Alex said:
But as soon as you go do some general clean up, you're struggling to get your dirt from the floor with these Festool vacs. And guess what, if you're making things dirty you also have to clean them up so I consider clean up a very important duty for my vacs. Especially if you connect the tubes with a floor nozzle, suction is horrible and it is struggling to pick up larger lumps.
I think the confusion here may be the difference between suction and airflow. For scooping up lightweight dirt and dust over a wide area, as you've described, airflow reigns supreme. A heavy-duty shop vac like the Ridgid HD 1600 that I use as my general-purpose cleanup vacuum can pull much higher airflow than the Festool vacs, in this case about 200 CFM versus 150 CFM on my CT 26 (assuming both have clean filters). That translates into much better pickup performance over a dispersed area.

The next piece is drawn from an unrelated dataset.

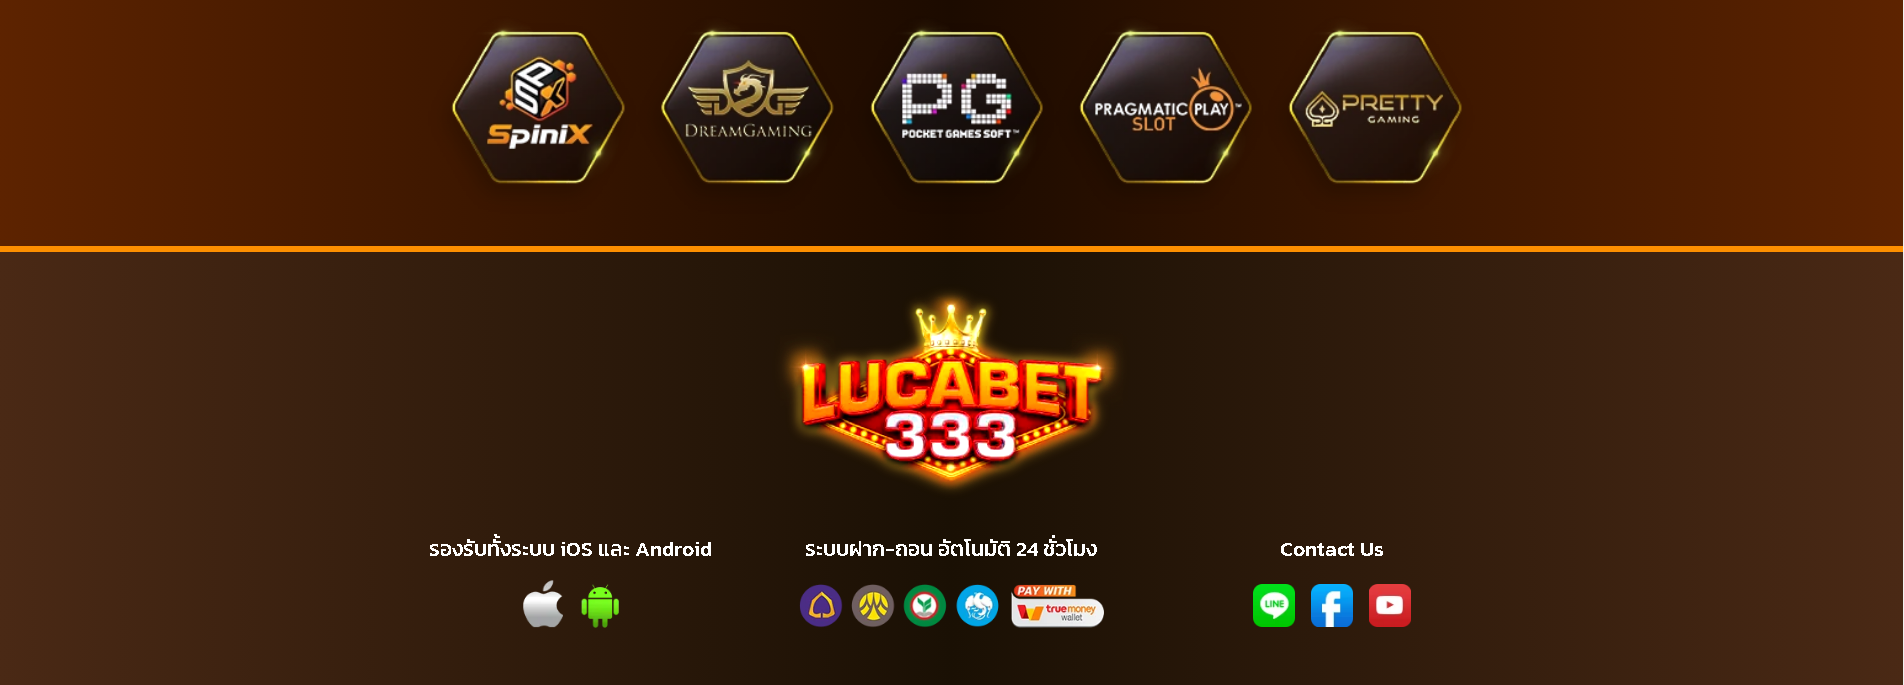 lucabet333
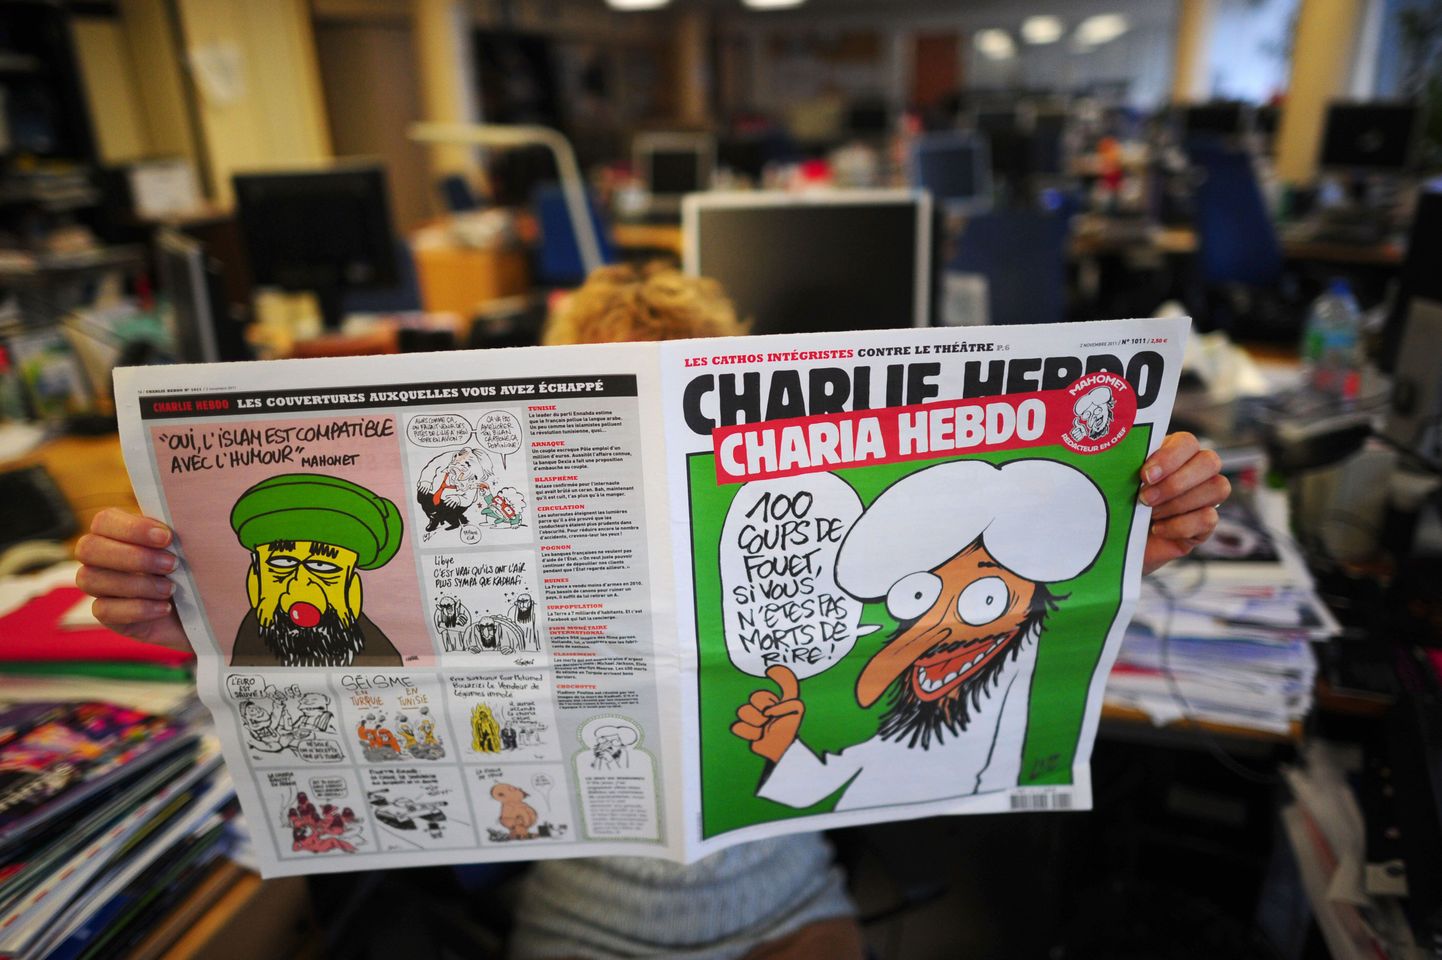 Satiiriline nädalaleht Charlie Hebdo

However, it doesn't exert as much actual suction (which would be its ability to lift and pull along heavier debris, or to break up blockages inside the hose). My Ridgid in this case pulls about 2/3 of the suction of the Festool in a water-lift test (which is the standard way of measuring suction power). A large part of the reason for the disparity is that the Festool is fully sealed and filtered across its entire mechanism, and the Ridgid is not. Adding filtration lowers airflow but improving sealing increases suction.
I can mount a HEPA filter in the Ridgid so that it has more comparable filtration to the Festool, and it loses about a third of its airflow if I do, which actually drops its performance below the CT. (I've got an anemometer and have actually measured this just for curiosity's sake.) Their motors are roughly equal in power, but the CT has a tighter seal so it's leaking less air from places other than the hose end.

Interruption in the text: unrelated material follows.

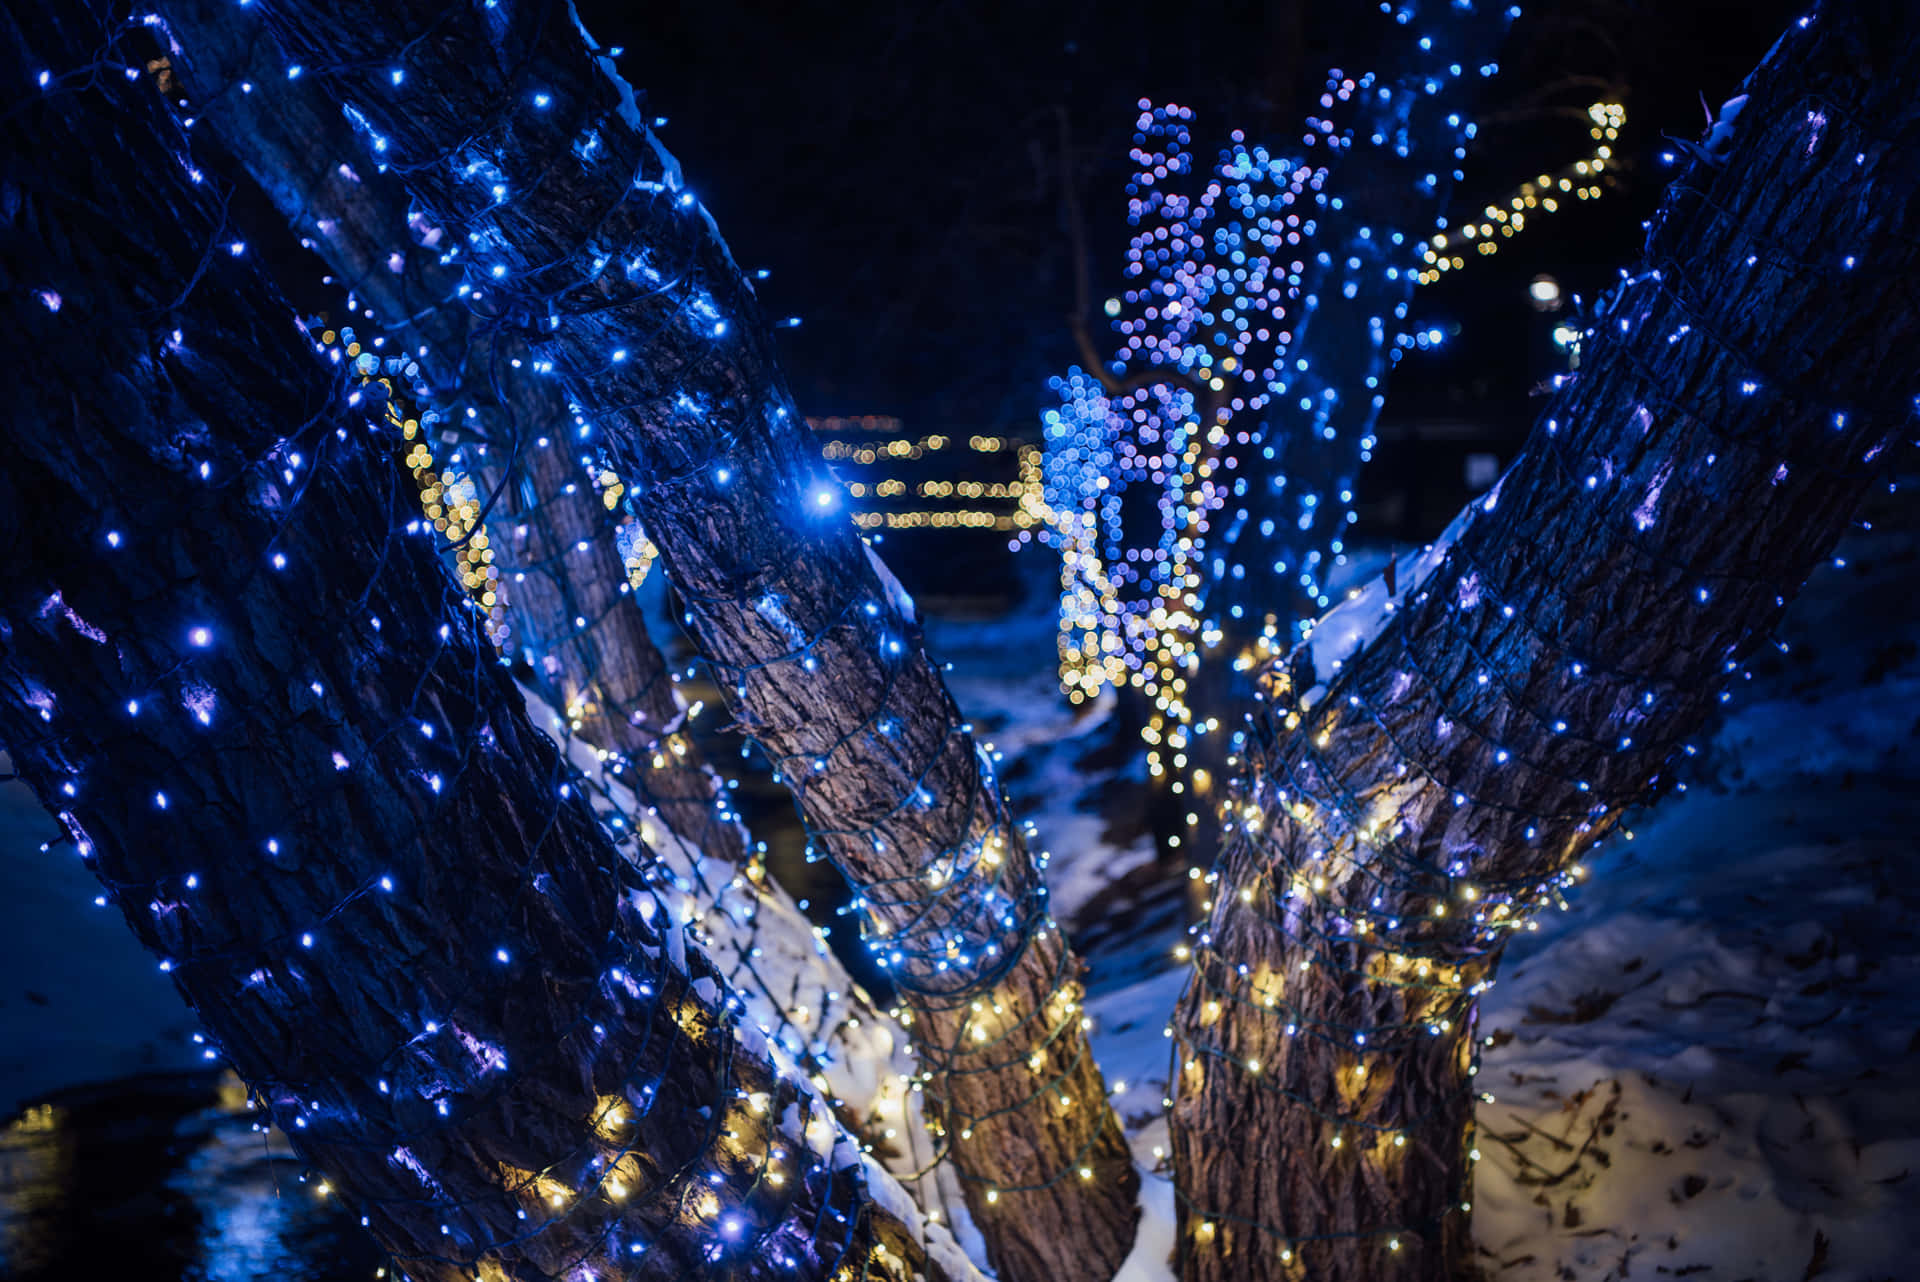 Share the festive spirit with Christmas lights!

If your argument is just that a HEPA-certified dust extractor isn't as good of a shop vac as a shop vac, then I don't think we have any disagreement. They're tools aimed at different purposes. Festool actually doesn't offer a filter as coarse as the Ridgid's (the coarsest filter they sell for the CT is equivalent to Ridgid's 1 micron "fine dust" filter, which has lower airflow than the default filter), but if they did, you could presumably slot that in and it would get slightly better airflow than the Ridgid since their motors are both 1200W and the seal is tighter. In that case, you'd have turned the dust extractor into a (very expensive) shop vac with both its strengths and weaknesses.
Alex said:
I don't know about your tests, they're always very limited in time and circumstances. My experience isn't. All nice and easy to test a tool when it's brand new, with new bags and filters, but did you know the suction of the Mini and Midi drops to half when the bag is only 1/4 full with dust?

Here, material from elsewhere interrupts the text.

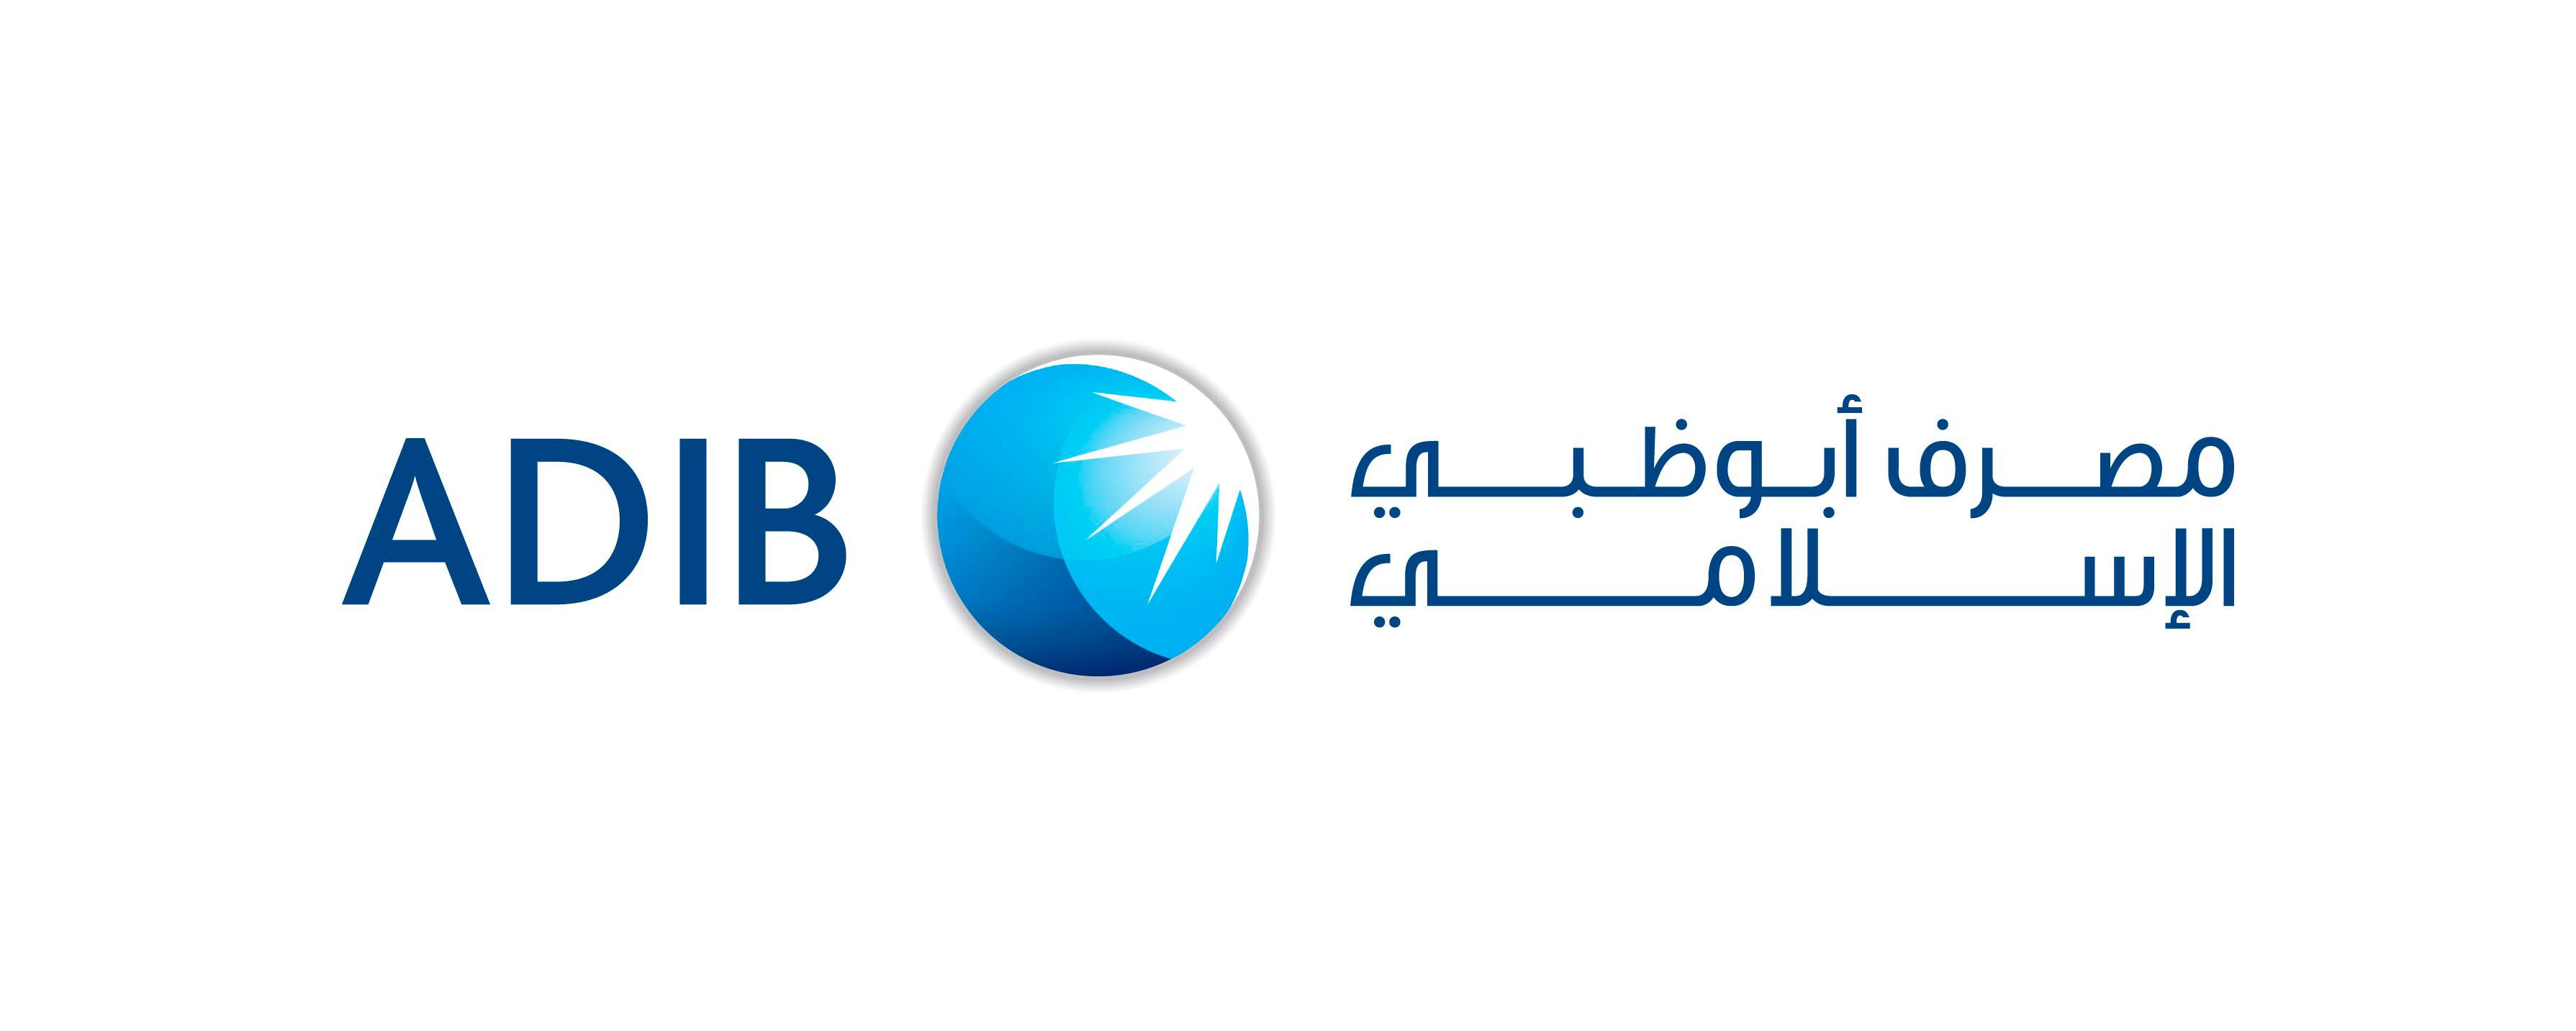 Abu Dhabi Islamic Bank Brand Logo

The test I linked specifically accounts for that. They measured them with clean filters and then sucked up about 20 lbs. of drywall dust to deliberately clog the filters and tested them again. The CT 36 showed some of the lowest loss of suction and airflow of any vacuum in the shootout (only Makita did better). They didn't test the Mini/Midi, however, so maybe they have very different performance characteristics than the CT series.
Edited to add: one other factor I forgot to mention is the hose! Larger hoses increase airflow and reduce suction. Large shop vacs (at least in the US; I'm not sure about elsewhere) usually have a 2.5 inch/64mm hose, while the largest Festool hose is 50mm, and most people are going to be using a 27mm or 36mm for their tool hookups.